Comme toutes les nouvelles de Jean-Paul Beaumier, on déguste celles-ci à toutes petites doses. Pour la qualité de l’écriture, pour tenter, vainement d’ailleurs, de prévoir l’imprévisible dénouement, pour mieux entrevoir d’un texte à l’autre les doubles et triples fonds. Un père, que l’on tenait pour figé à jamais, se permet un vœu. La jalousie se révèle à la fois erratique et justifiée. Les courriels circulent avec leur faux naturel et leurs pressions sur les relations humaines. La première neige marque le passage vers autre chose, peut-être la fin d’un amour, mais peut-être la transition ne sera-t-elle pas aussi légère qu’il semble. Et quand flanche la mémoire, un art existe-t-il qui puisse, en multipliant les quadrillages mentaux, repêcher le nom manquant ?

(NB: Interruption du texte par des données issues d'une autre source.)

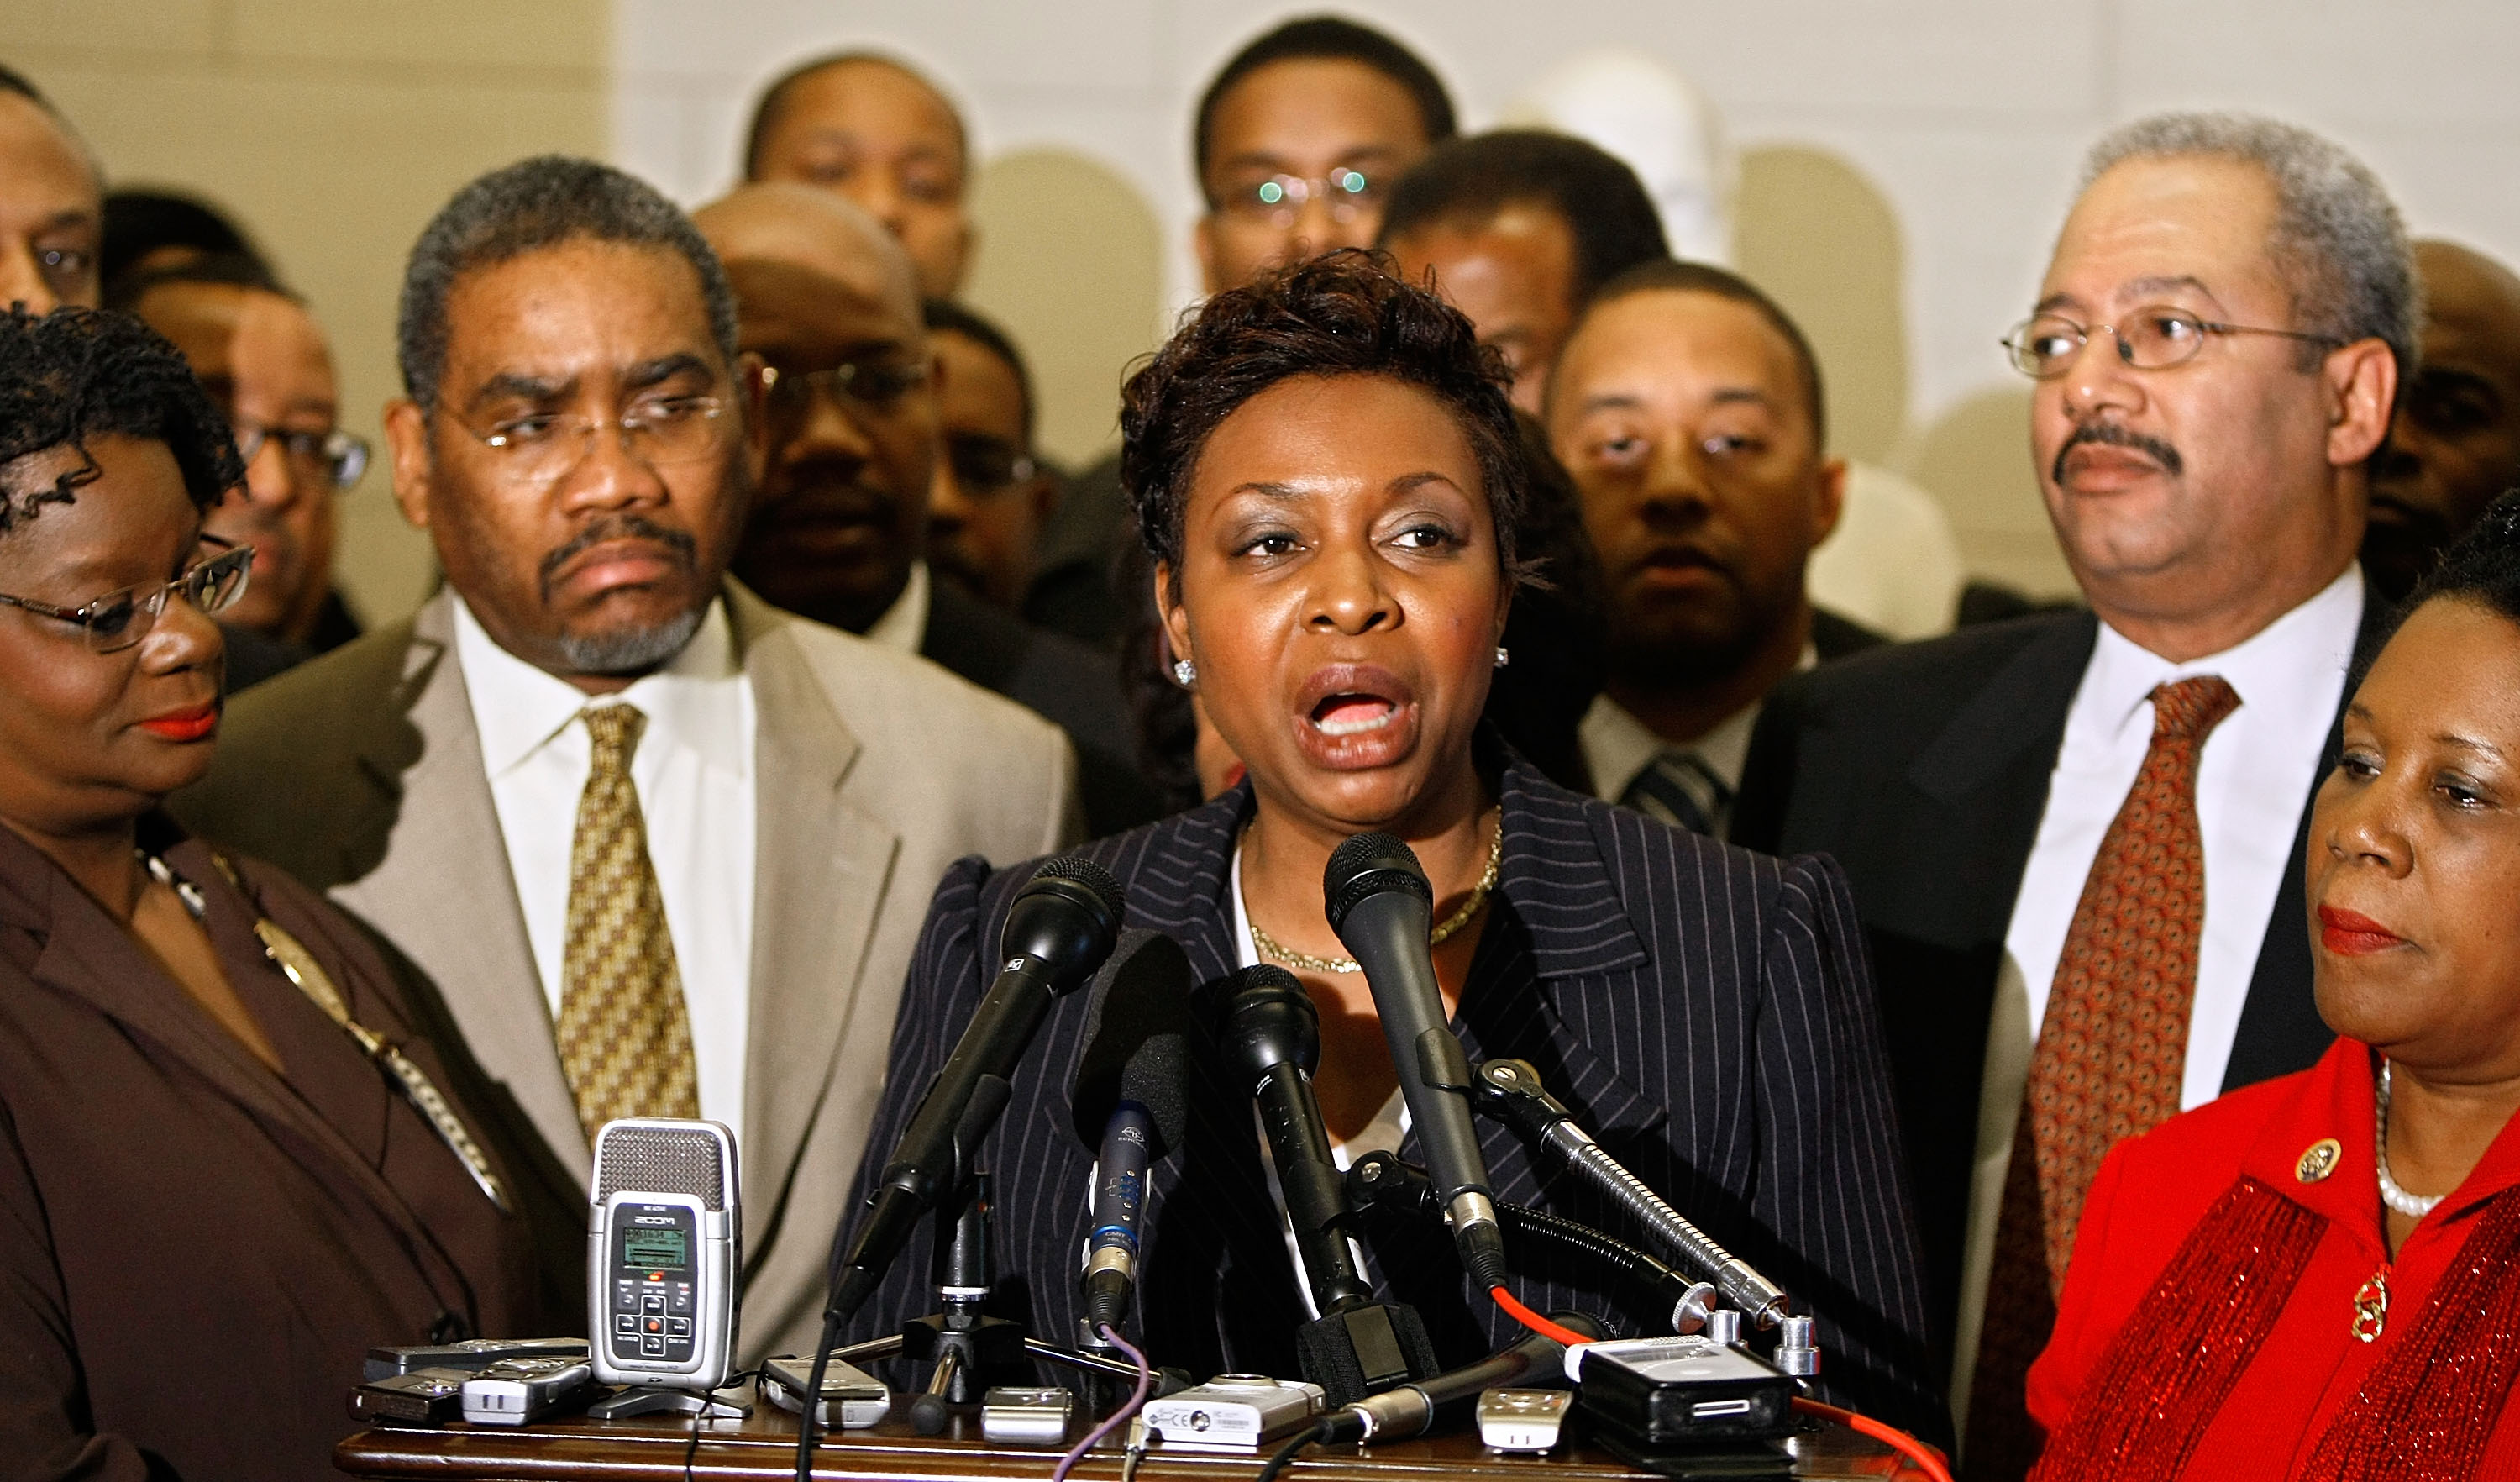 (L-R) Rep. Gwen Moore, Rep. Gregory Meeks, Rep. Yvette Clarke, Rep. Chaka Fattah and Rep. Sheila Jackson Lee conduct a news conference during the Congressional Black Caucus' Economic Security Taskforce on TARP/TALF Access Summit in the Longworth House Office Building March 30, 2009 in Washington, DC. (Photo by Chip Somodevilla/Getty Images)
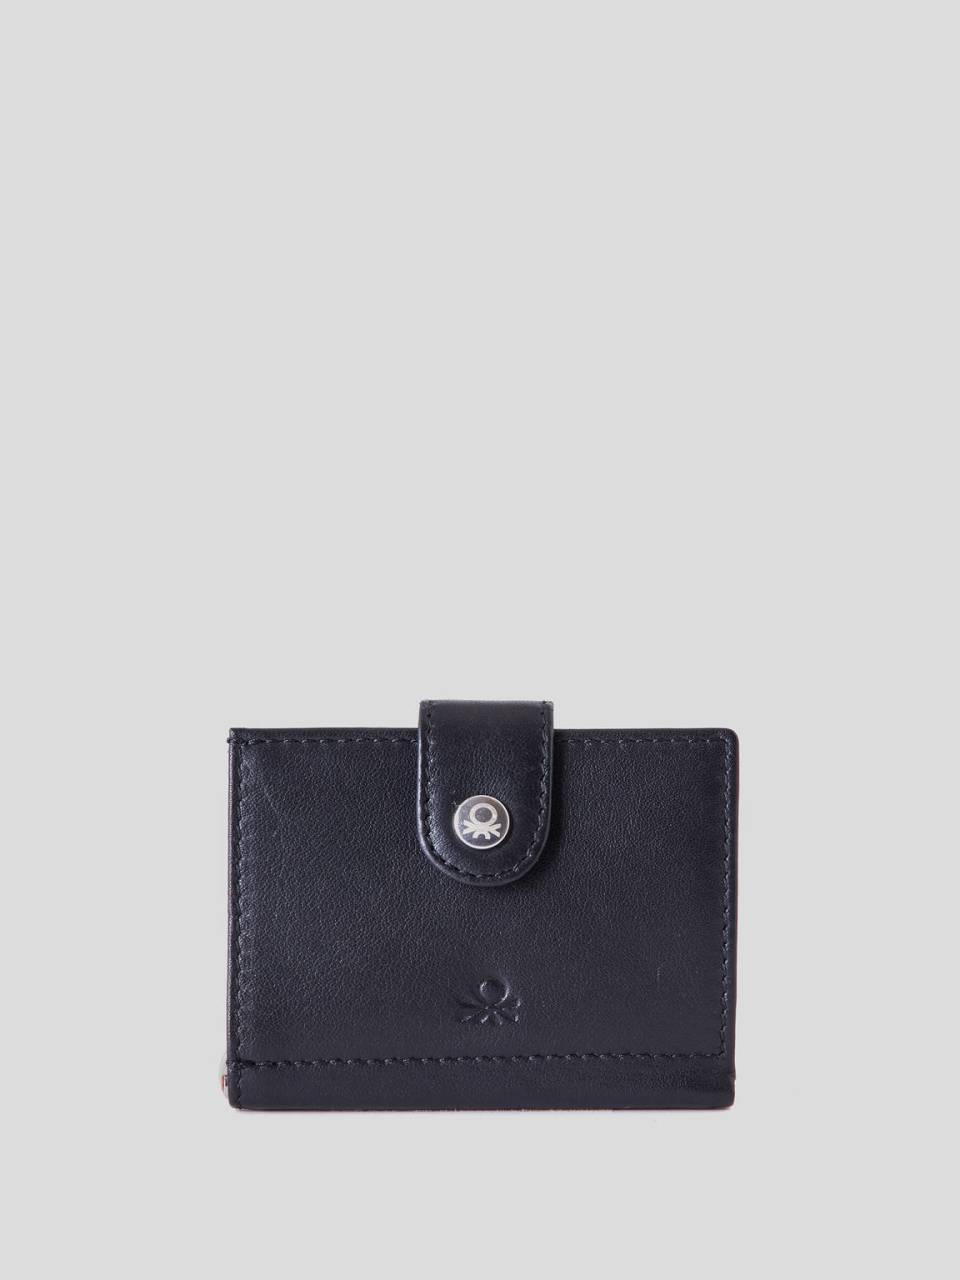 Benetton Compact leather wallet. 1

Parler de culture et de raffinement, ce serait juste et superficiel. Jean-Paul Beaumier, en effet, fait plus que créer de superbes bibelots. Il enseigne à douter de ce que l’œil voit, à prêter une oreille plus attentive à ce qui bat sous les apparences et qui peut même modifier le sens des confidences. Il maîtrise admirablement les astuces et les techniques de la nouvelle, y compris celle de la chute, mais il ne s’incline devant aucune orthodoxie. Avec goût et liberté, il offre la chute, sachant que l’absence de chute peut équivaloir… à une chute.
On appréciera aussi l’ampleur du registre. De la carte postale au contact par Internet, du timide amour paternel à la vengeance sanglante, de la réponse embellie offerte au sondage téléphonique jusqu’aux conséquences du retour à l’heure normale, c’est la vie qui affleure, déroute, étonne, humanise, émeut. Tout cela avec peu de mots, sans la moindre lourdeur, avec un fascinant mélange de sagesse et de réalisme tendrement cynique.
Beaumier demeure libre d’orienter son talent à son gré. Souhaitons qu’il ne renonce jamais à l’écriture de nouvelles ni au regard qui en débusque le départ.